Kepala MTs Negeri 1 Banjarnegara, H. Yatiman, menyampaikan apresiasinya terhadap kehadiran pihak kepolisian. Menurutnya, kehadiran polisi di sekolah menjadi salah satu cara efektif untuk menanamkan kesadaran hukum dan kedisiplinan kepada siswa.

“Madrasah tidak hanya mendidik kecerdasan akademik, tetapi juga menanamkan nilai-nilai karakter dan budi pekerti. Dengan hadirnya Polres Banjarnegara, anak-anak dapat memahami bahaya narkoba serta dampak negatif bullying sejak dini,” ujar Yatiman.

Pembina apel, Yugo Sumaryono, dalam amanatnya menyampaikan pesan tegas agar seluruh siswa menjauhi narkoba dalam bentuk apa pun. Ia juga mengingatkan pentingnya menciptakan lingkungan sekolah yang bebas dari perundungan.

“Narkoba adalah pintu kehancuran masa depan. Sekali mencoba, hidup kalian bisa berubah. Begitu juga bullying, sekecil apa pun, dapat melukai mental dan jiwa teman kalian. Jadilah remaja yang saling menghormati, saling mendukung, dan berani berkata tidak pada hal-hal yang merugikan,” tegas Yugo di hadapan seluruh peserta apel.

Wakil Kepala Urusan Kesiswaan MTs Negeri 1 Banjarnegara, Ikhsanudin, menambahkan bahwa kegiatan seperti ini akan terus digiatkan secara berkala.

“Kami berterima kasih kepada Polres Banjarnegara. Program seperti ini sejalan dengan visi madrasah untuk mencetak generasi berkarakter. Setelah kegiatan ini, kami akan menindaklanjuti dengan sosialisasi internal dan mengajak OSIS serta wali kelas untuk mengampanyekan anti-bullying di lingkungan madrasah,” jelas Ikhsanudin.

Kegiatan Police Goes to School ini mendapatkan antusiasme yang tinggi dari siswa. Salah satu siswa kelas 8D, Alfin Aqna, mengaku mendapatkan wawasan baru terkait bahaya narkoba.
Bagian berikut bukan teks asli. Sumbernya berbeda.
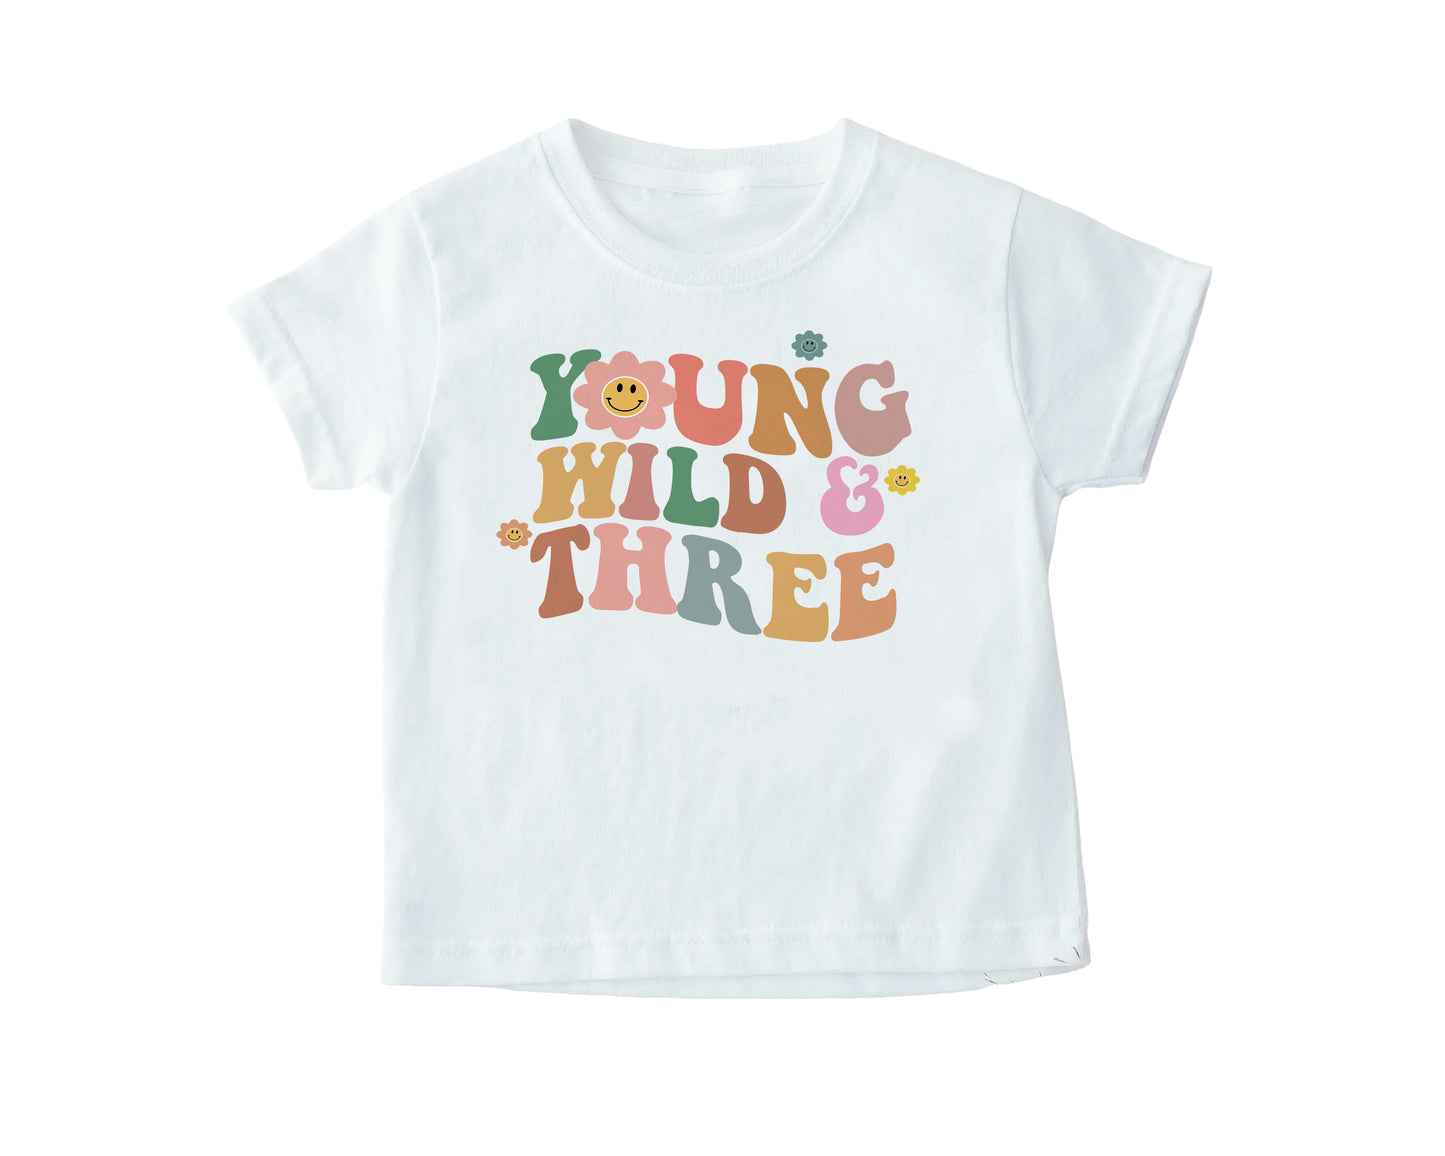 Young Wild and Three T-Shirt, Children's Retro T-Shirt

“Saya jadi lebih paham bahwa narkoba itu bukan hanya merusak tubuh, tapi juga bisa membuat masa depan hancur. Saya dan teman-teman berkomitmen untuk menjauhi narkoba dan mendukung lingkungan sekolah yang sehat,” kata Alfin dengan penuh semangat.

Sementara itu, Naomi Qanita, siswi kelas 7I, menyampaikan kesannya mengenai pesan anti perundungan yang disampaikan dalam apel.

“Kadang kita tidak sadar kalau bercanda kita bisa menyakiti perasaan teman. Pesan dari Pak Polisi membuat saya lebih hati-hati dalam berkata-kata dan bertindak. Saya ingin ikut mengajak teman-teman untuk saling menghargai,” ungkap Naomi.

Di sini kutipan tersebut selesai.